Specifically, in the present invention, the dimensions of the input array for performing matrix multiplication may be two-dimensional, three-dimensional, four-dimensional, …, N-dimensional, etc., the two-dimensional array is a matrix, the three-dimensional array is an array composed of a plurality of matrices, the four-dimensional array is an array composed of a plurality of three-dimensional arrays, and similarly, the N-dimensional array is an array composed of a plurality of N-1-dimensional arrays. For example, a three-dimensional array may be represented as (a_1, a_2, a_3), meaning that the three-dimensional array is made up of a_3 (a_1, a_2) matrices; the four-dimensional array can be expressed as (a_1, a_2, a_3, a_4), which means that the four-dimensional array is composed of a_4 (a_1, a_2, a_3) three-dimensional arrays; similarly, an N-dimensional array may be denoted as (a_1, a_2, a_3, …, a_ (N-1), a_N), meaning that the N-dimensional array is made up of a_N (a_1, a_2, a_3, …, a_ (N-1)) N-1-dimensional arrays, where a_1, a_2, a_3, …, a_ (N-1) are elements of the array.

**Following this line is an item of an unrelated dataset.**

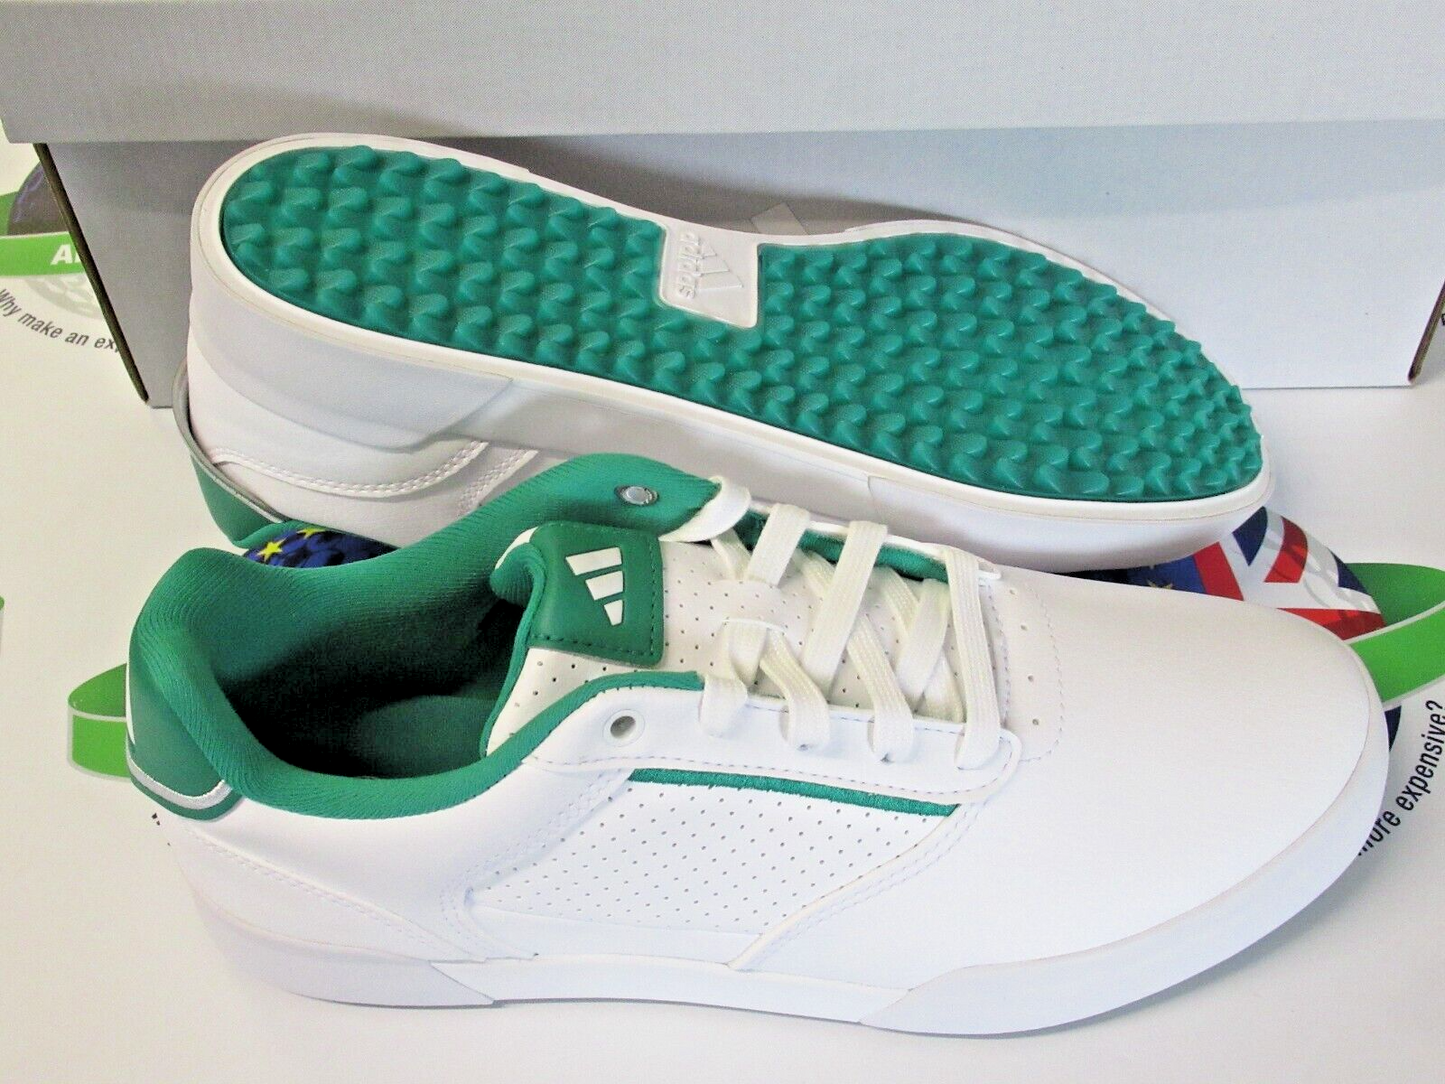 adidas retrocross white/green waterproof golf shoes uk size 8 wide

Step 6, for input arrays a and B, the matrix multiplication of a and B is denoted as mma (num, O1, O2) and num=1, o1= A, O2= B, O1 _1_c=o2_r, i.e. 1 set of matrix a and matrix B performs the matrix multiplication, and then step 9 is performed. Wherein mma (num, O1, O2) is a matrix multiplication function defined in the present invention, num is the number of groups participating in the operation matrix, O1 and O2 are both matrices participating in the operation, O1 is represented as (o1_r, o1_c), and O2 is represented as (o2_r, o2_c).

Step 7, decomposing the array with 3 dimensions into a plurality of matrices and a vector, assuming that the input array a is represented as a= (a_1, a_2, a_3) for the 3-dimensional array and b= (a_4, a_1) for the 2-dimensional array, decomposing a into a ' and a″ where a ' = (a_1, a_2), a ' = (a_3), and representing the matrix multiplication of a and B as mma (num, O1, O2) and num=a_3, o1=a ', o2= B, O _c=o2_r, that is, performing the matrix multiplication operation on the a_3 matrix a ' and the matrix B, and executing step 9.

Step 8, this is usually a convolution operation, so let a be the input array denoted as a= (n, ci, wi, hi), B be the convolution kernel denoted as b= (co, ci, kw, kh), where n is the number of convolution batches, ci is the number of input channels, wi is the input width, hi is the input height, co is the number of output channels, kw is the convolution kernel width, kh is the convolution kernel height; if the dimension of A or B is odd, namely the dimension can be expressed as 2x+1, decomposing the dimension into x-1 matrixes and matrixes A_ch 'or B_ch' obtained by dimension reduction deformation of an array formed by the last three elements; if the dimension of A or B is even, i.e. the dimension thereof can be expressed as 2x, decomposing it into x matrices and deforming the last matrix into A_ch 'or B_ch'; the matrix multiplication of a and B is further denoted as mma (num, O1, O2) and num=n_ci, o1=a_ch ', o2=b_ch', o1_c=o2_r, i.e. n_ci sets of matrix a_ch 'and matrix b_ch' perform the matrix multiplication, and step 9 is performed.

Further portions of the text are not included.